Premature rupture of membranes and maternal morbidity during pregnancy were the most important risk factors of prematurity.
早产是发达国家新生儿发病和死亡的主要原因,它导致了大多数非畸形新生儿死亡以及一半的先天性神经残疾。
确定社会经济、人口统计学、孕产妇产科病史、孕期进展与早产之间的关联。
自2000年1月1日至2004年12月31日,在国家伊格纳西奥·加西亚·特列斯医学中心对一组出生体重500克及以上的活产新生儿进行研究。将早产新生儿视为病例,孕周37周及以上的新生儿作为对照。比较有无危险因素时的早产患病率。对于每项研究的病史,计算比值比(OR)及95%置信区间(95%CI),并计算暴露人群和总体人群中的归因分数。
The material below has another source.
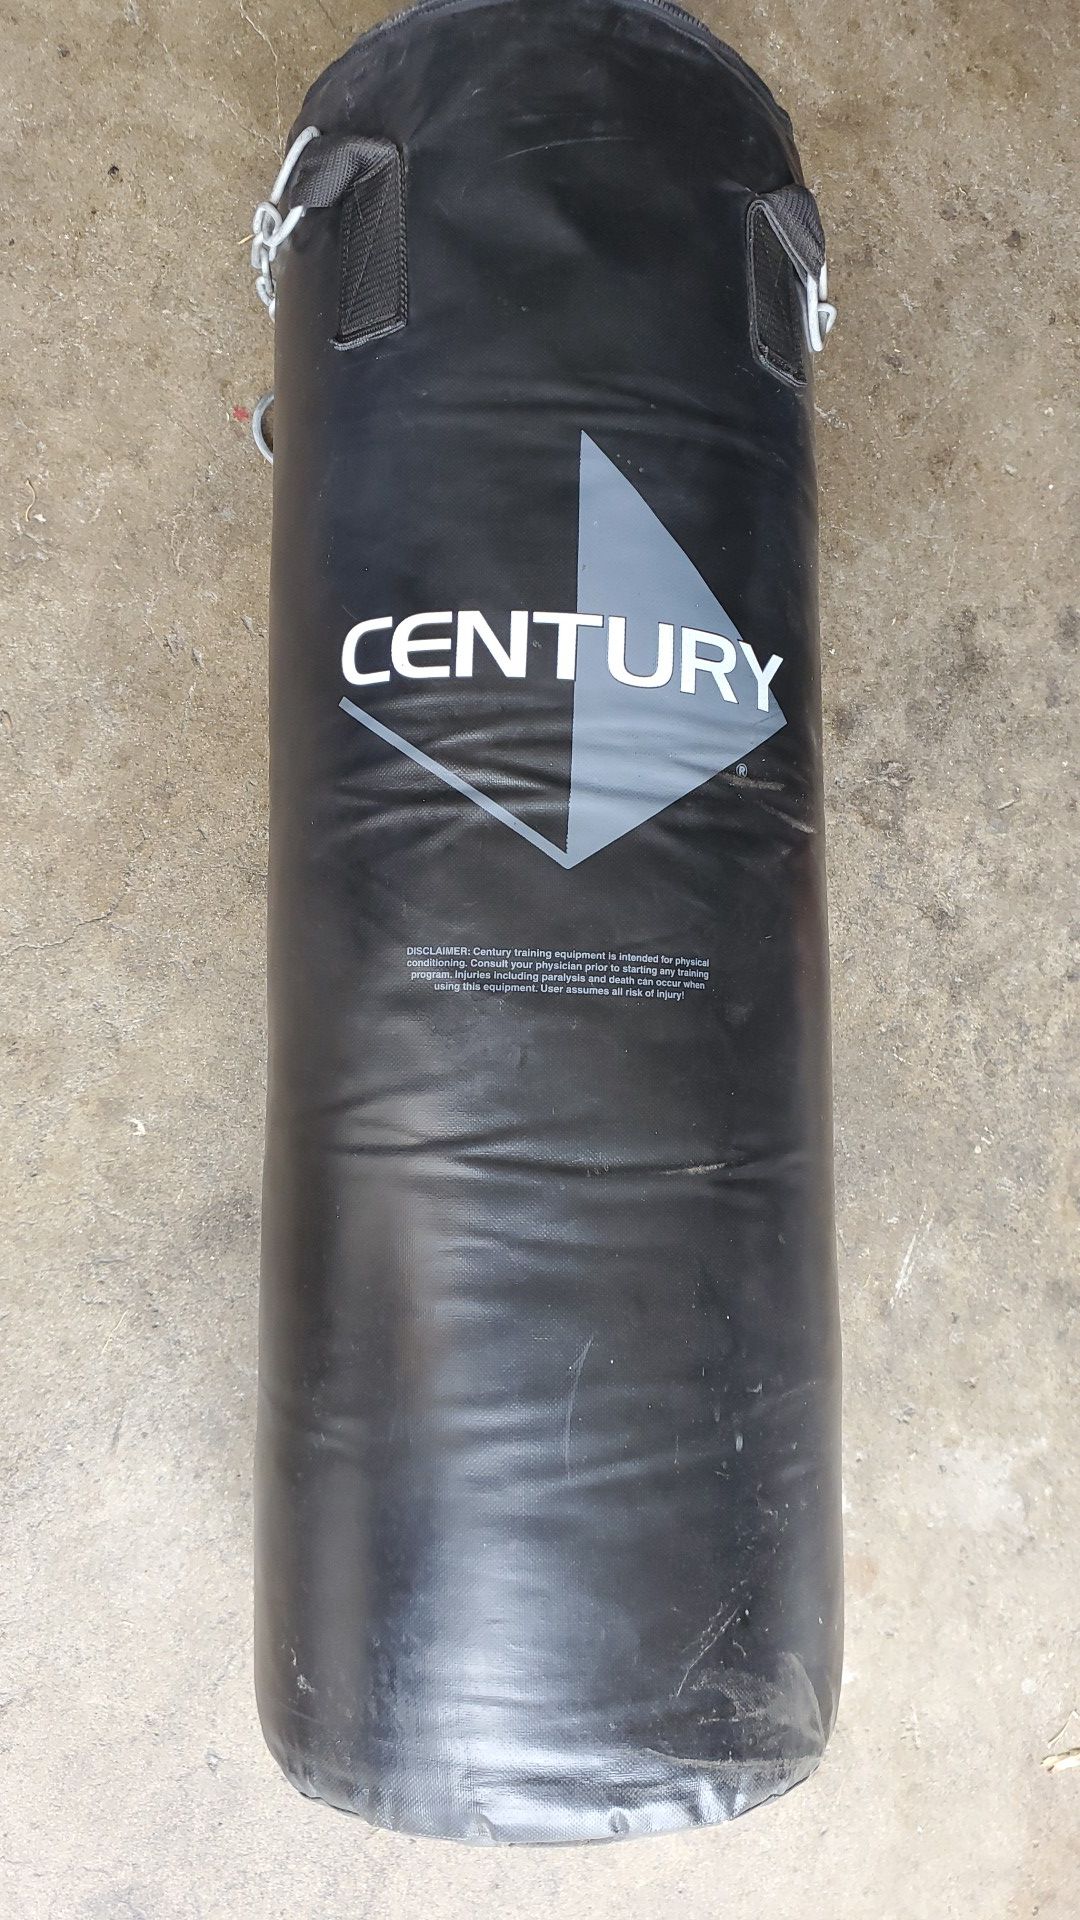 Century heavy punching bag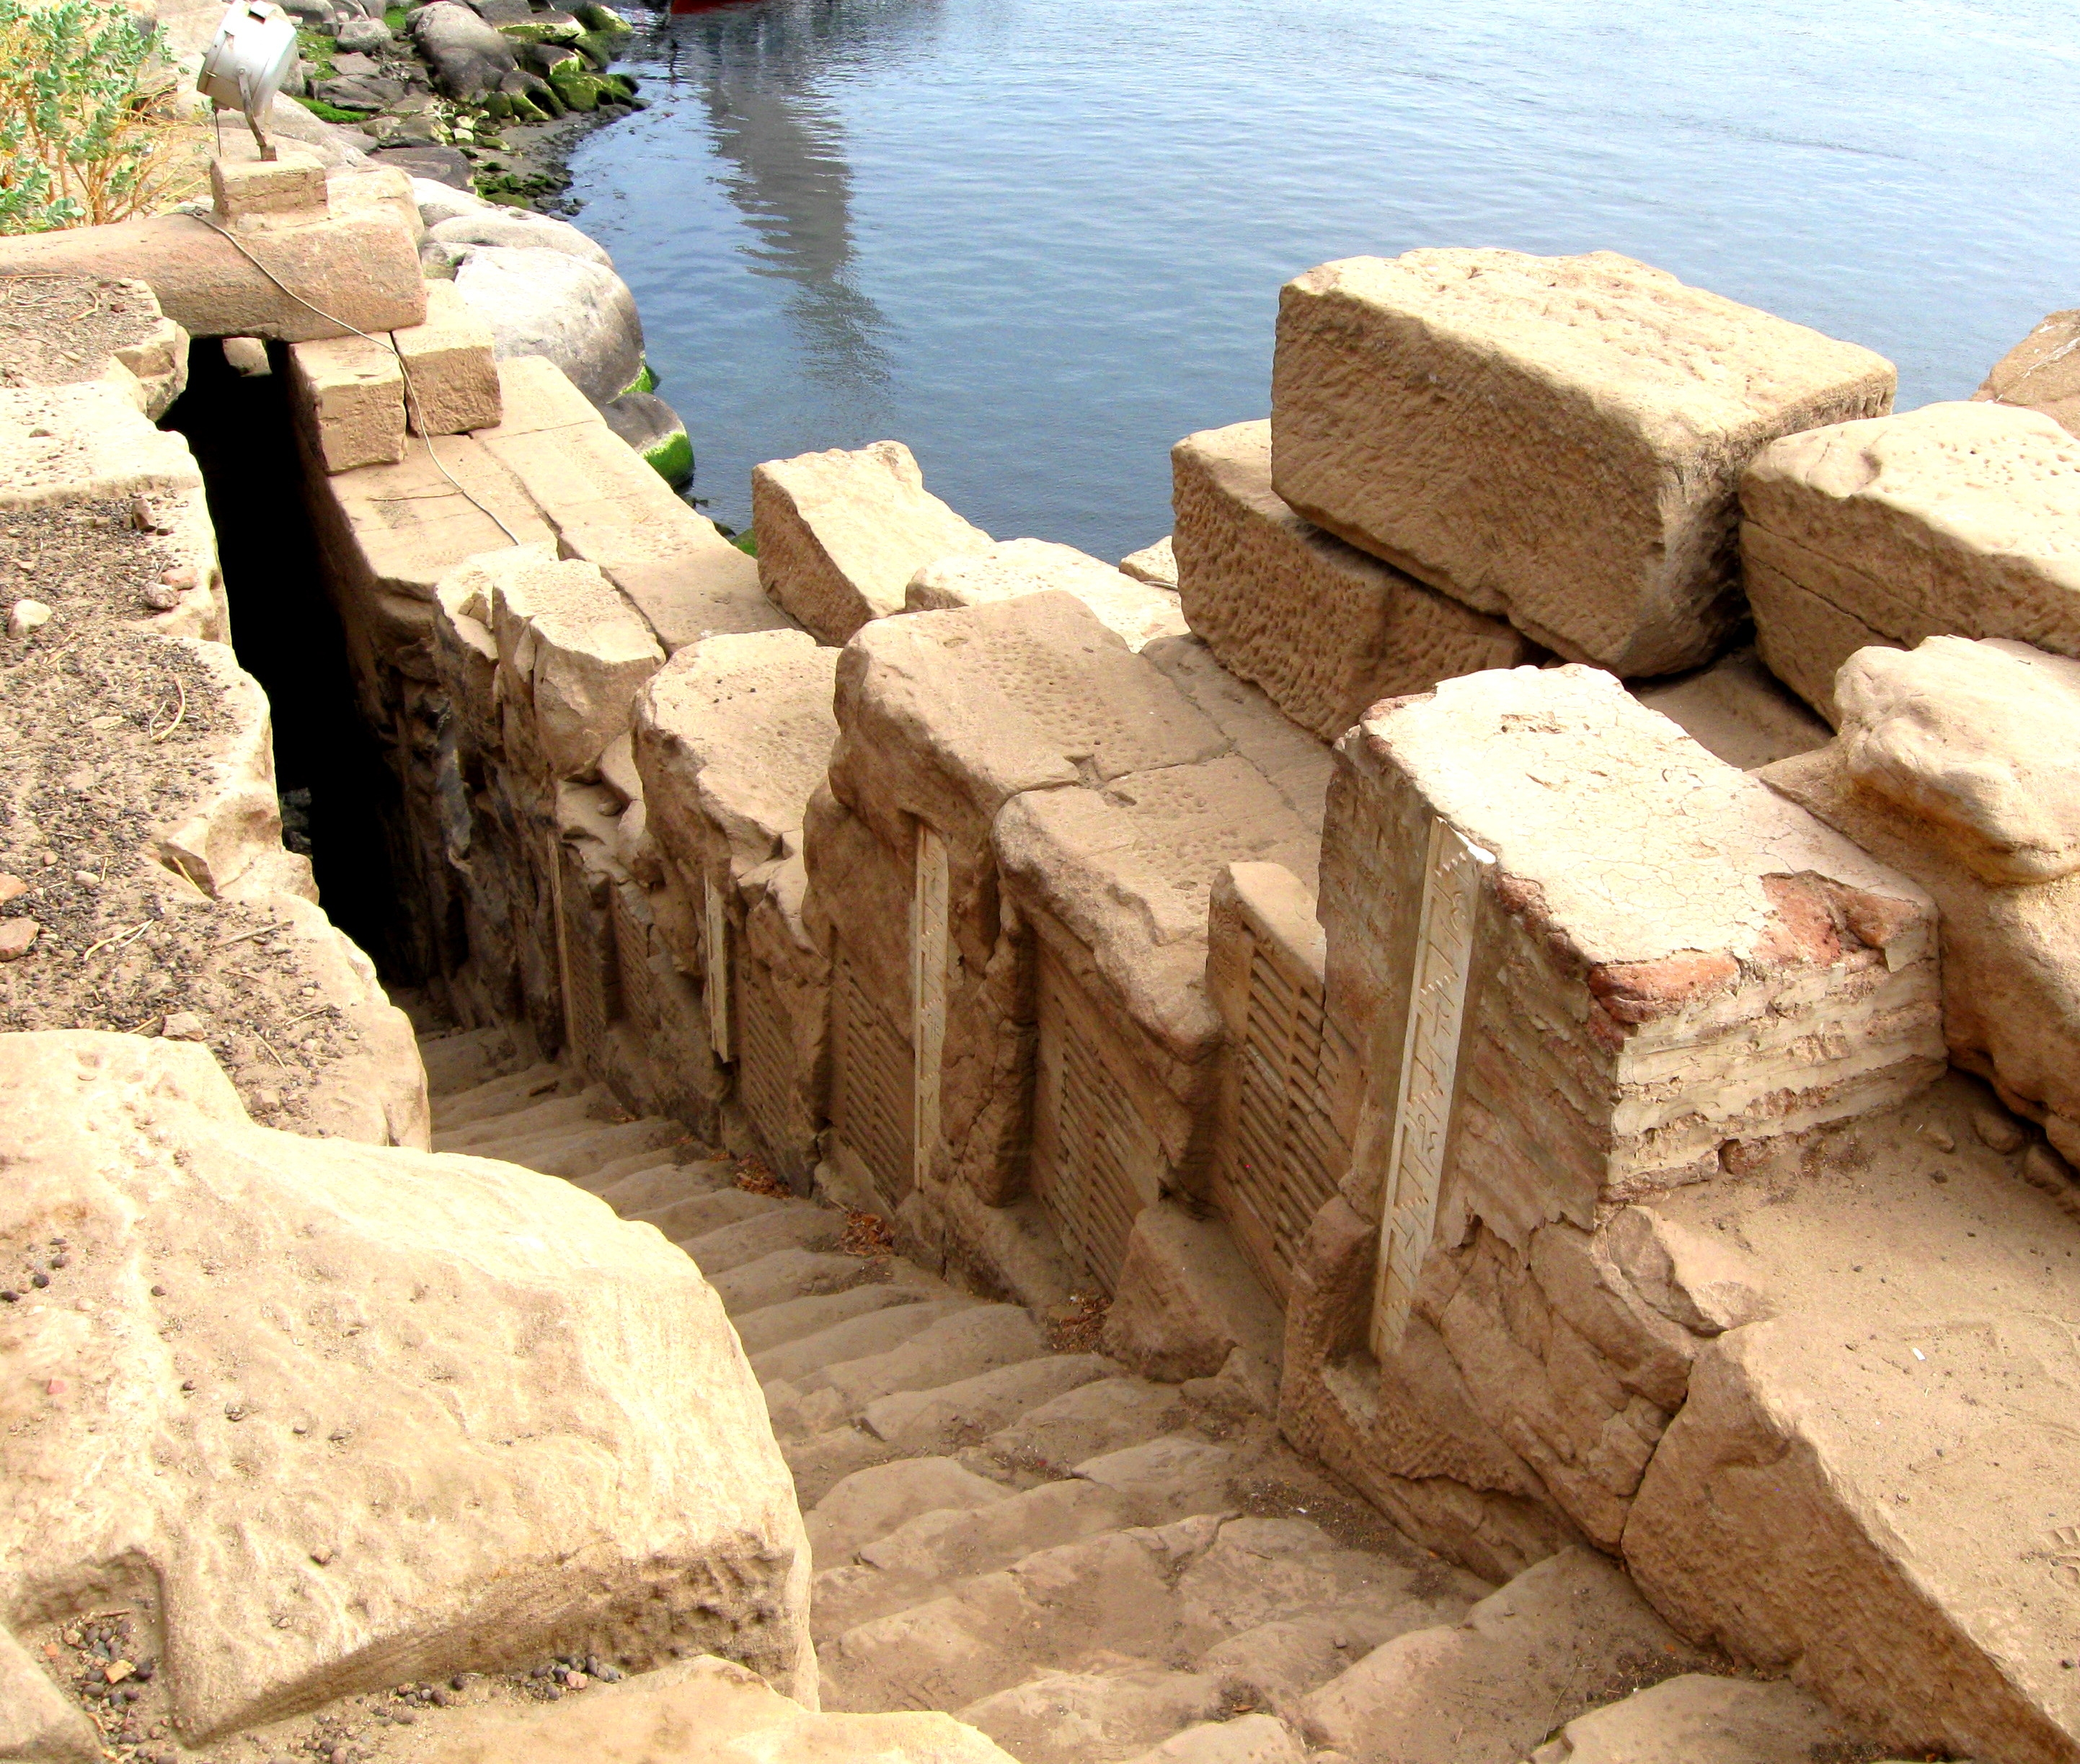 Nilometrul: Structură antică utilizată în măsurarea nivelului râului Nil

观察到的早产率为11.9%(3018/25355)。与早产相关的最显著危险因素有:文盲母亲(OR 1.54;95%CI;1.2 - 1.94)、单身母亲、36岁及以上(OR 1.81;95%CI;1.56 - 2.09)、早产史(OR 2.21;95%CI;1.54 - 3.16)、多胎妊娠、产科疾病(先兆子痫/子痫;OR 7.9;95%CI;6.6 - 9.4)、妊娠期糖尿病(OR 2.3;95%CI;1.75 - 2.92)、泌尿系统(OR 1.8;95%CI;1.56 - 1.96)及阴道感染、胎膜早破、羊水过少、羊水过多(OR 4.48;95%CI;3.04 - 6.6)、前置胎盘和胎盘早剥(OR 9.96;95%CI;5.62 - 17.7)。43%(1302/3018)的早产病例不存在孕期危险因素。
胎膜早破和孕期孕产妇疾病是早产的最重要危险因素。